===== Dataset section =====
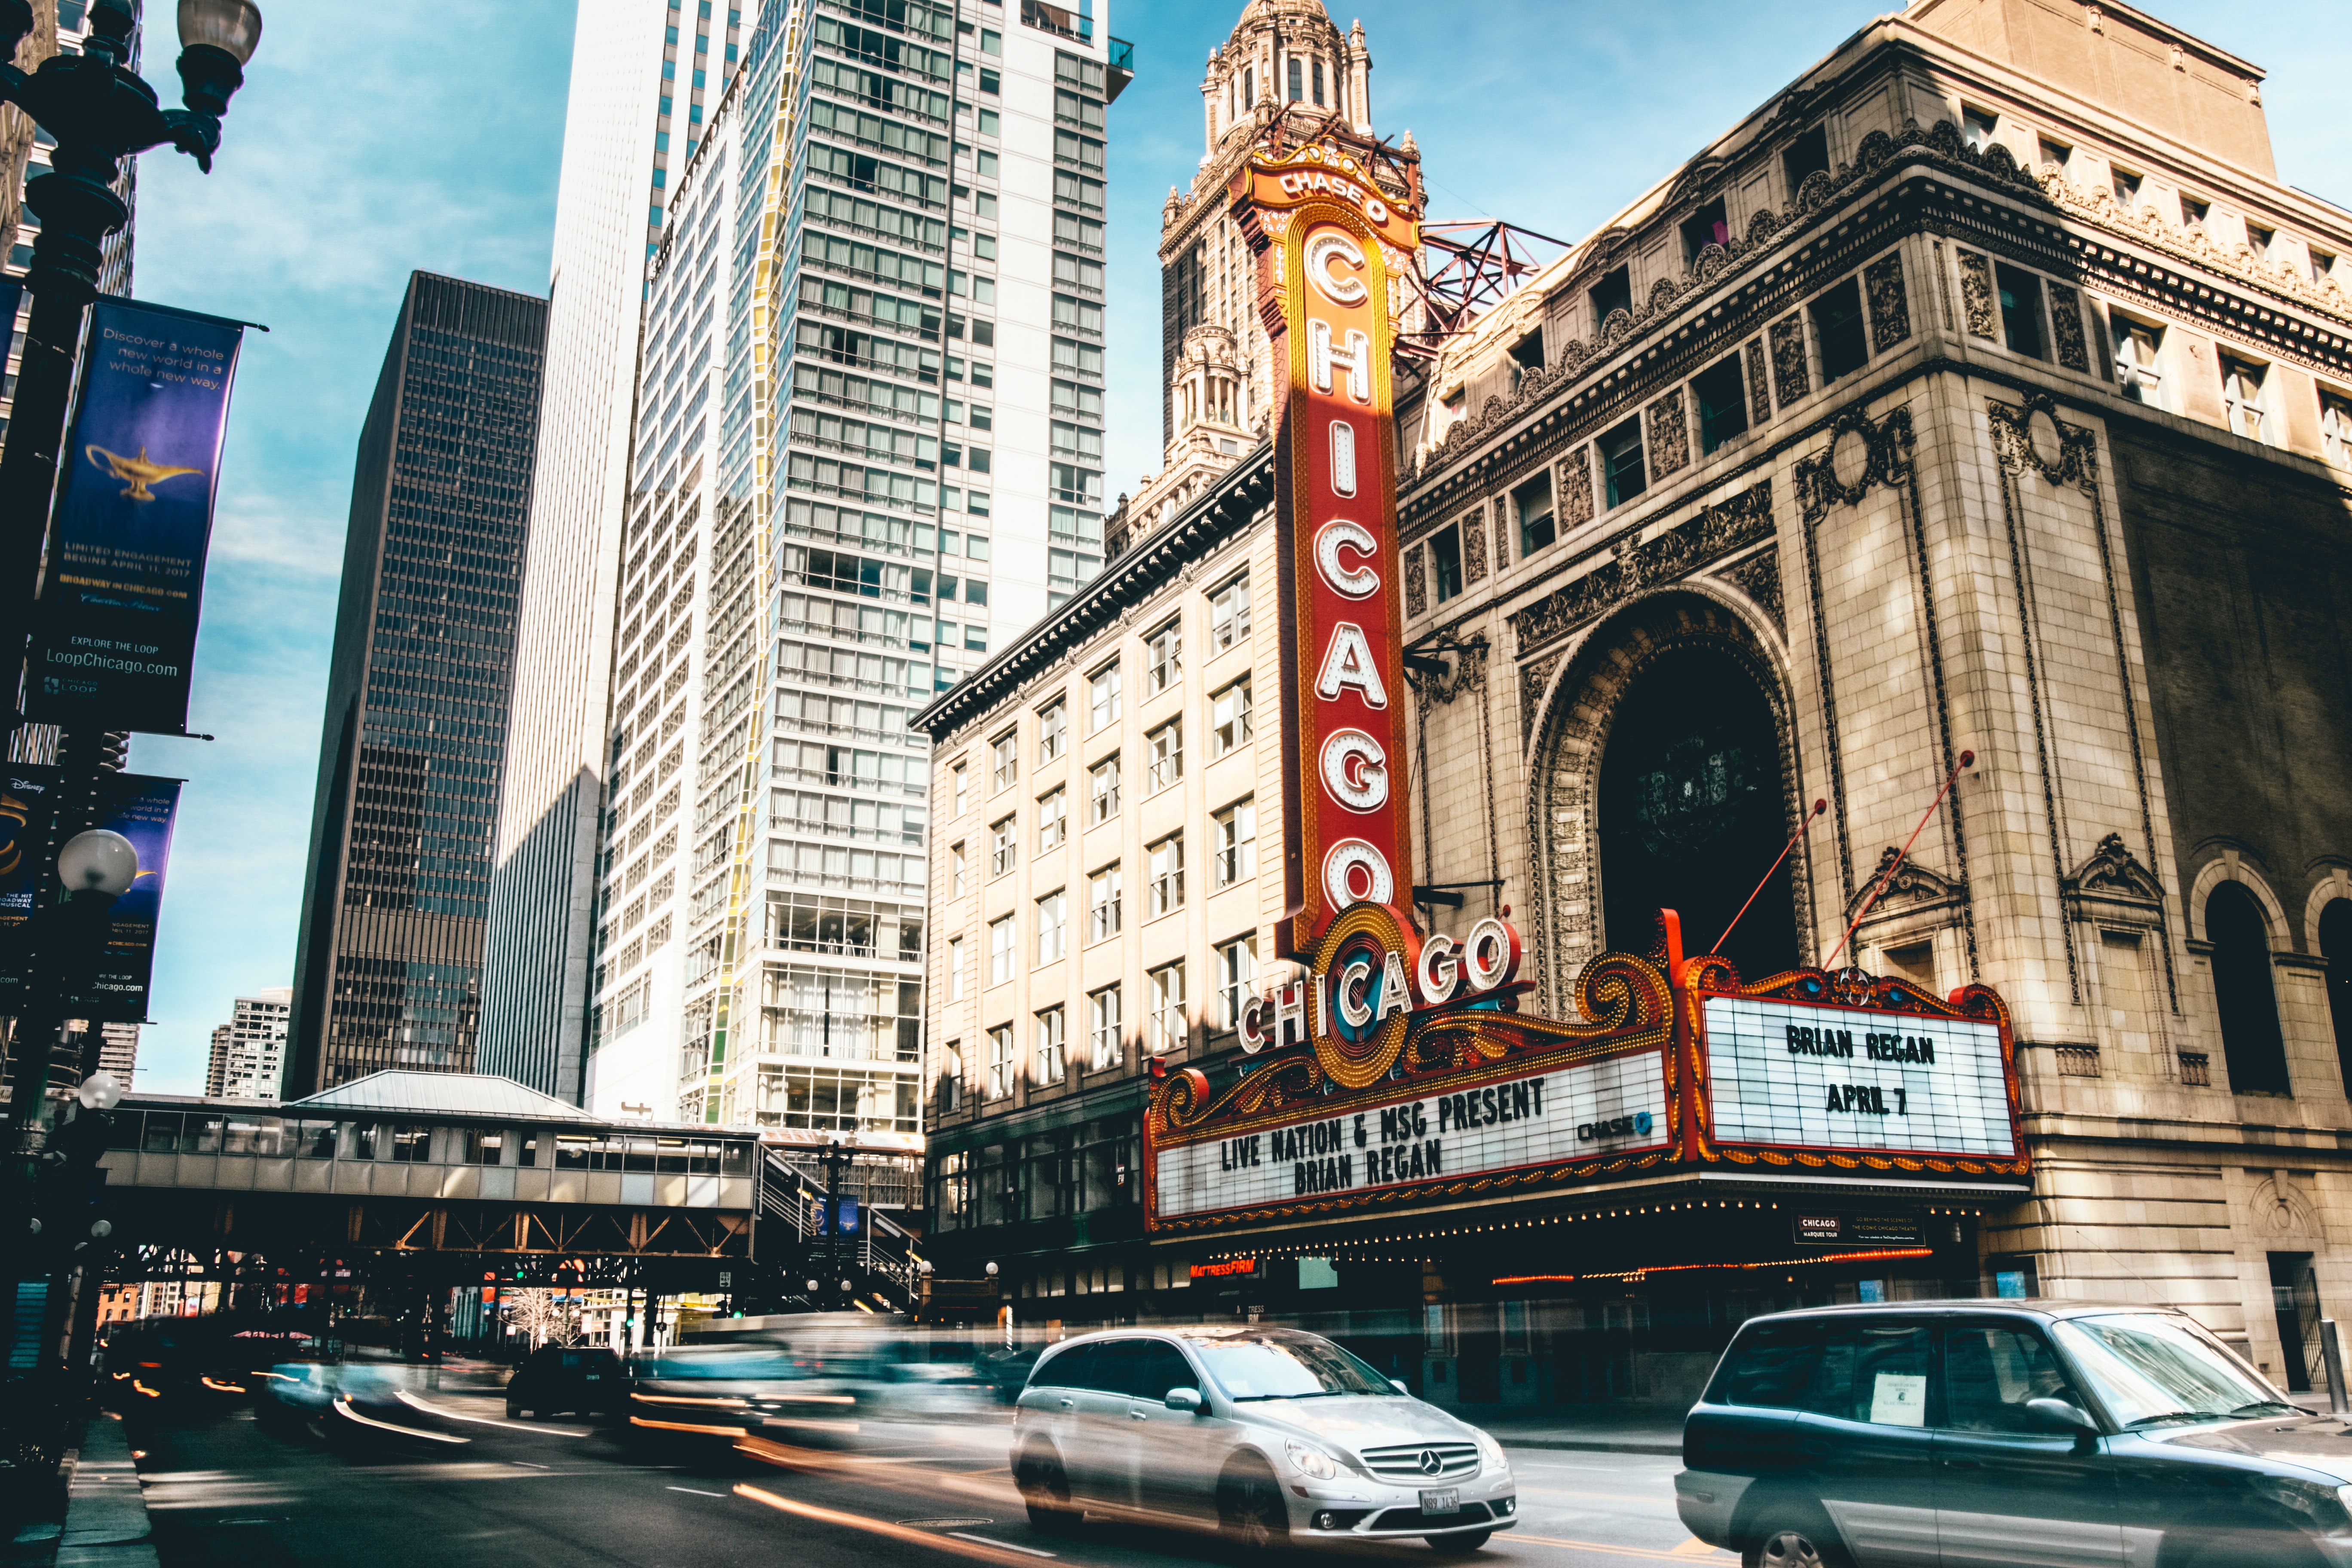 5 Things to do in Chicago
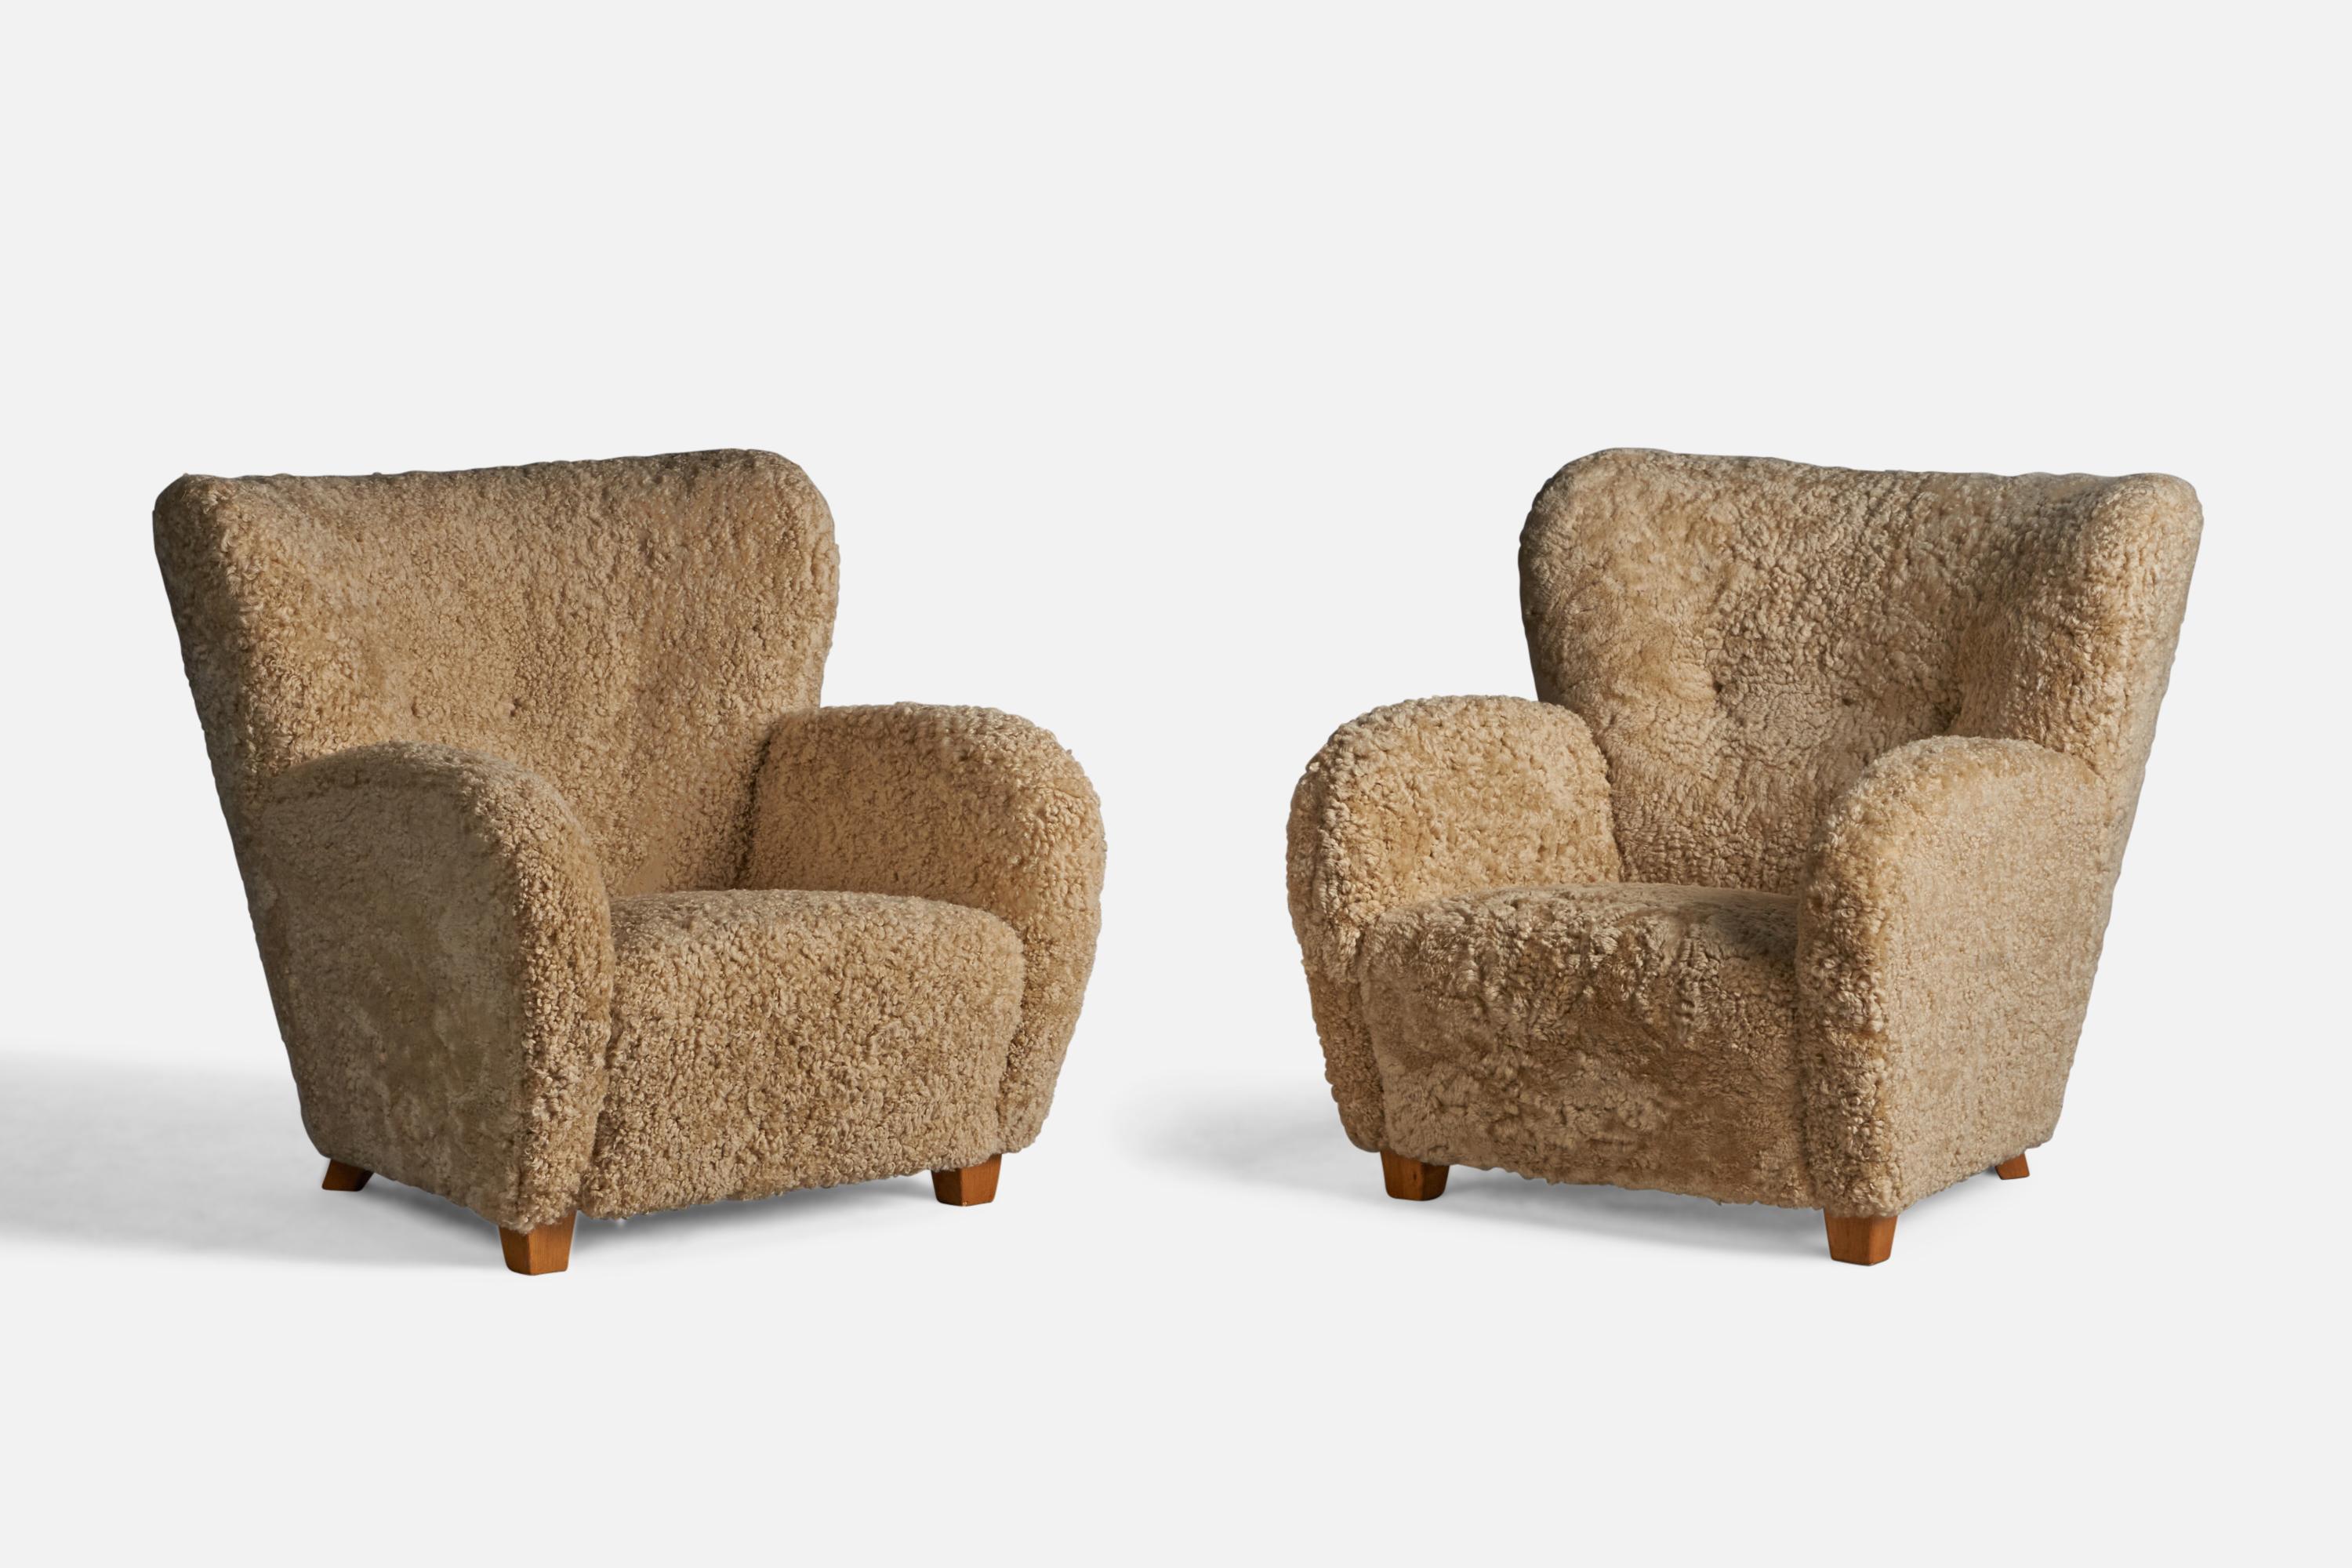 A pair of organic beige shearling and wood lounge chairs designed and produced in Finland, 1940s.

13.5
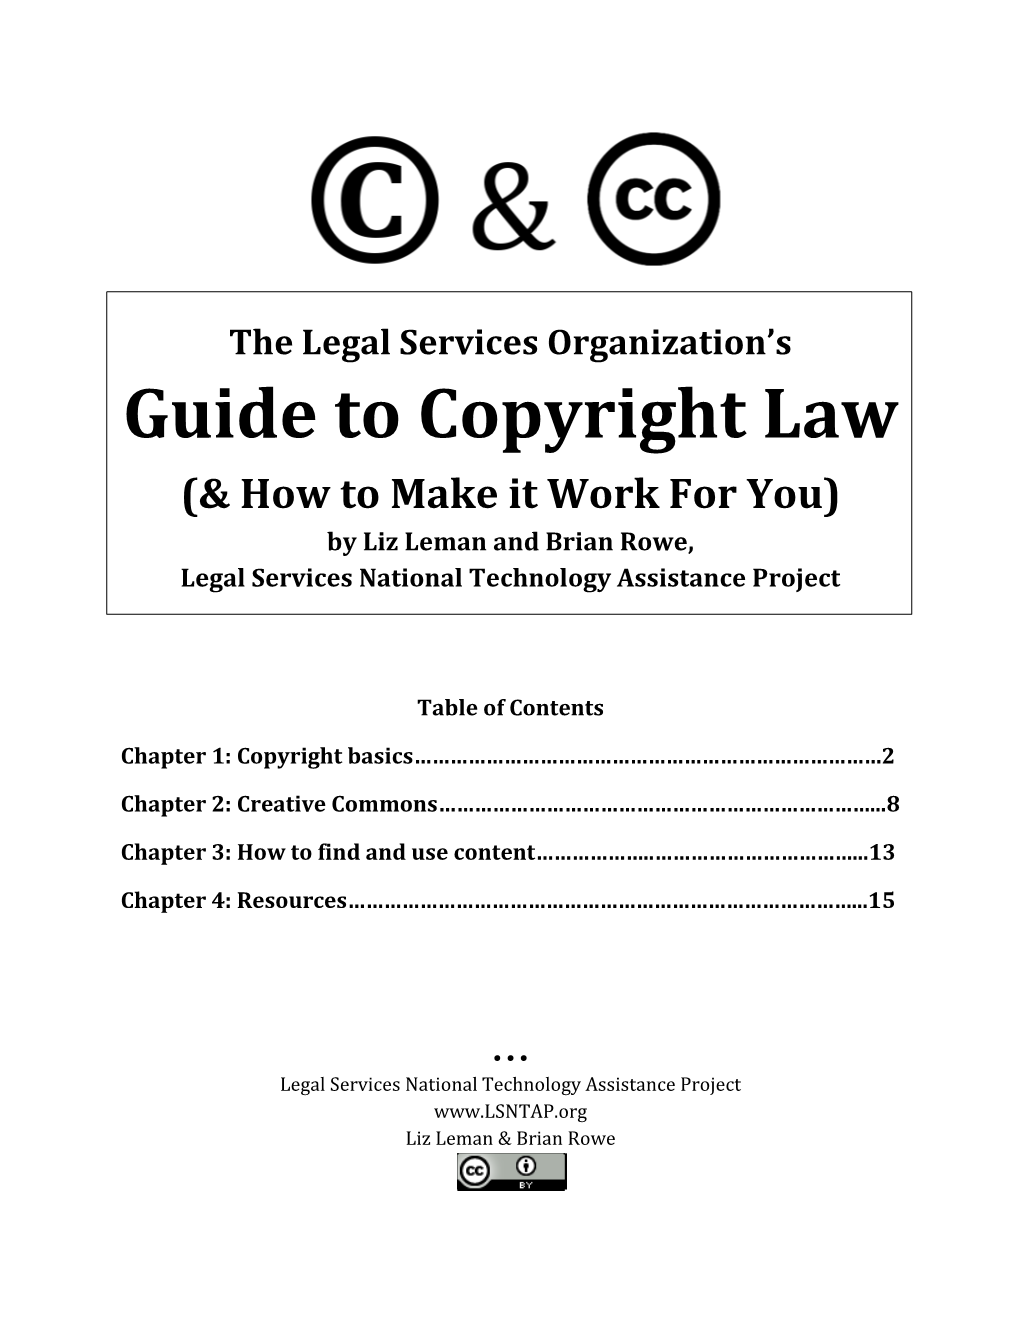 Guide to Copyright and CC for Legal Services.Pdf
=====
■ Problem requirements: Omit the pictures, then copy out all the data exactly as it stands.

■ Output for this exercise:
 5 Things to do in Chicago
 A pair of organic beige shearling and wood lounge chairs designed and produced in Finland, 1940s.

13.5
 Guide to Copyright and CC for Legal Services.Pdf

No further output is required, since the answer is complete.